Obtaining start position of istringstream token


Is there a way to find the start position of tokens extracted by istringstream::operator >>?

For example, my current failed attempt at checking tellg() (run online):

string test = "   first     \"  in \\\"quotes \"  last";
istringstream strm(test);

while (!strm.eof()) {

    string token;
    auto startpos = strm.tellg();
    strm >> quoted(token);
    auto endpos = strm.tellg();
    if (endpos == -1) endpos = test.length();

    cout << token << ": " << startpos << " " << endpos << endl;

}

So the output of the above program is:

first: 0 8
  in "quotes : 8 29
last: 29 35

The end positions are fine, but the start positions are the start of the whitespace leading up to the token.
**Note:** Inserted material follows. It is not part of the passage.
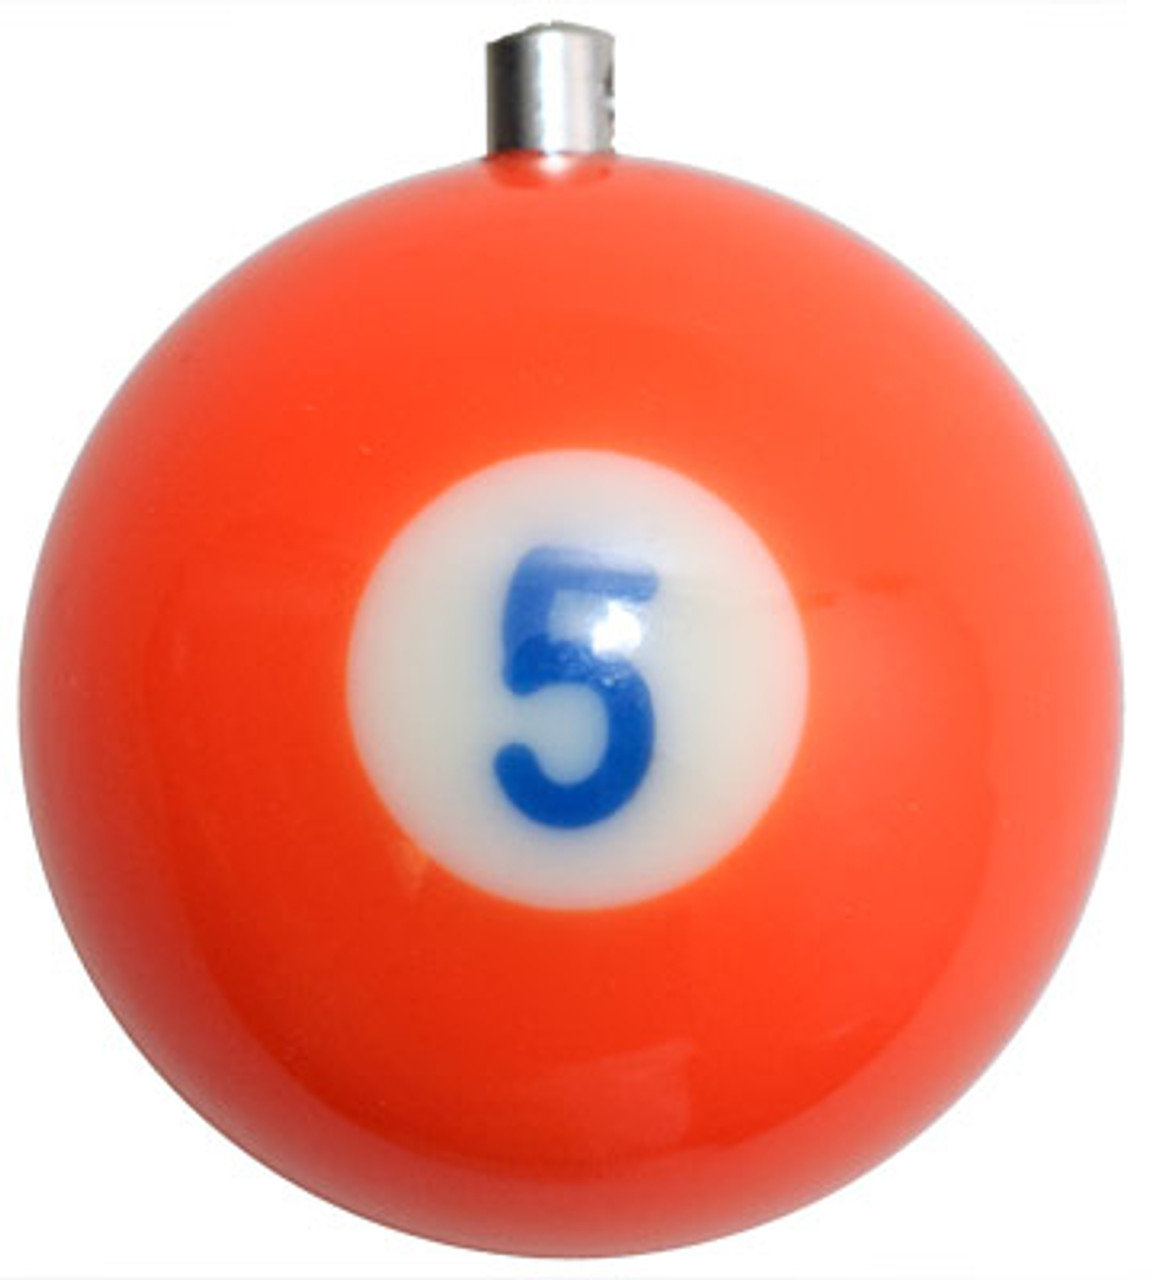 Billiard Ball Christmas Tree Ornaments - #5
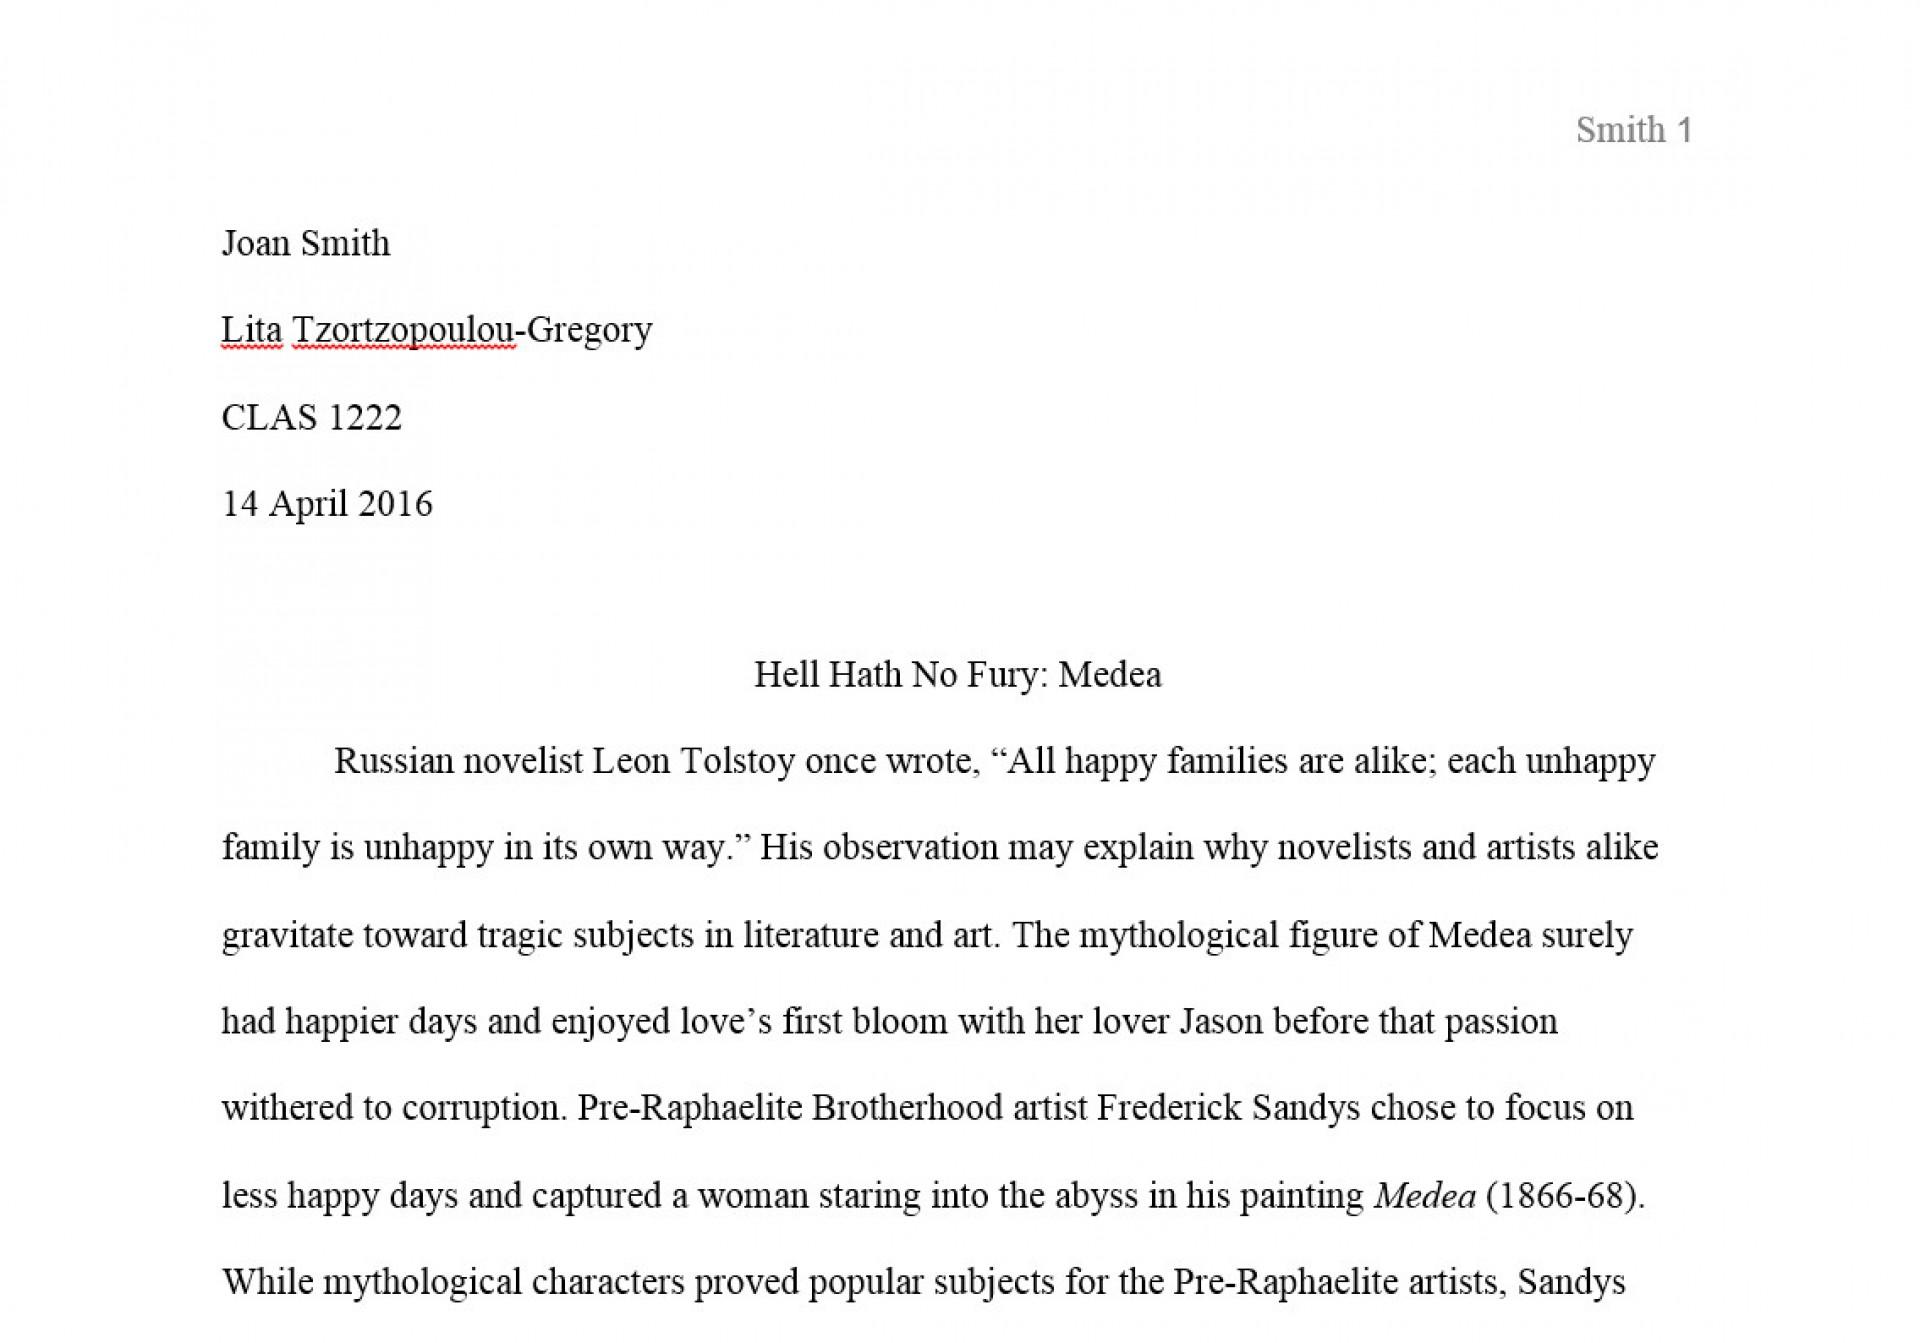 002 Essay Example Samplefirstpagemla Header Phenomenal Format Mla Paper Margins 1920

The output I want would be something like:

first: 3 8
  in "quotes : 13 29
last: 31 35

Here's the test string with positions for reference:

          1111111111222222222233333
01234567890123456789012345678901234  the end is -1

   first     "  in \"quotes "  last

        ^--------------------^-----^ the end positions i get and want
^-------^--------------------^------ the start positions i get
   ^---------^-----------------^---- the start positions i *want*

Is there any straightforward way to retrieve this information when using an istringstream?


Solution

  • First, see Why is iostream::eof inside a loop condition (i.e. `while (!stream.eof())`) considered wrong?

    Second, you can use the std::ws stream manipulator to swallow whitespace before reading the next token value, then tellg() will report the start positions you are looking for, eg:

    #include <string>
    #include <sstream>
    #include <iomanip>
    using namespace std;
    
    ...
    
    string test = "   first     \"  in \\\"quotes \"  last";
    istringstream strm(test);
    
    while (strm >> ws) {
    
        string token;
        auto startpos = strm.tellg();
        if (!(strm >> quoted(token)) break;
        auto endpos = strm.tellg();
        if (endpos == -1) endpos = test.length();
    
        cout << token << ": " << startpos << " " << endpos << endl;
    }
    

    Online Demo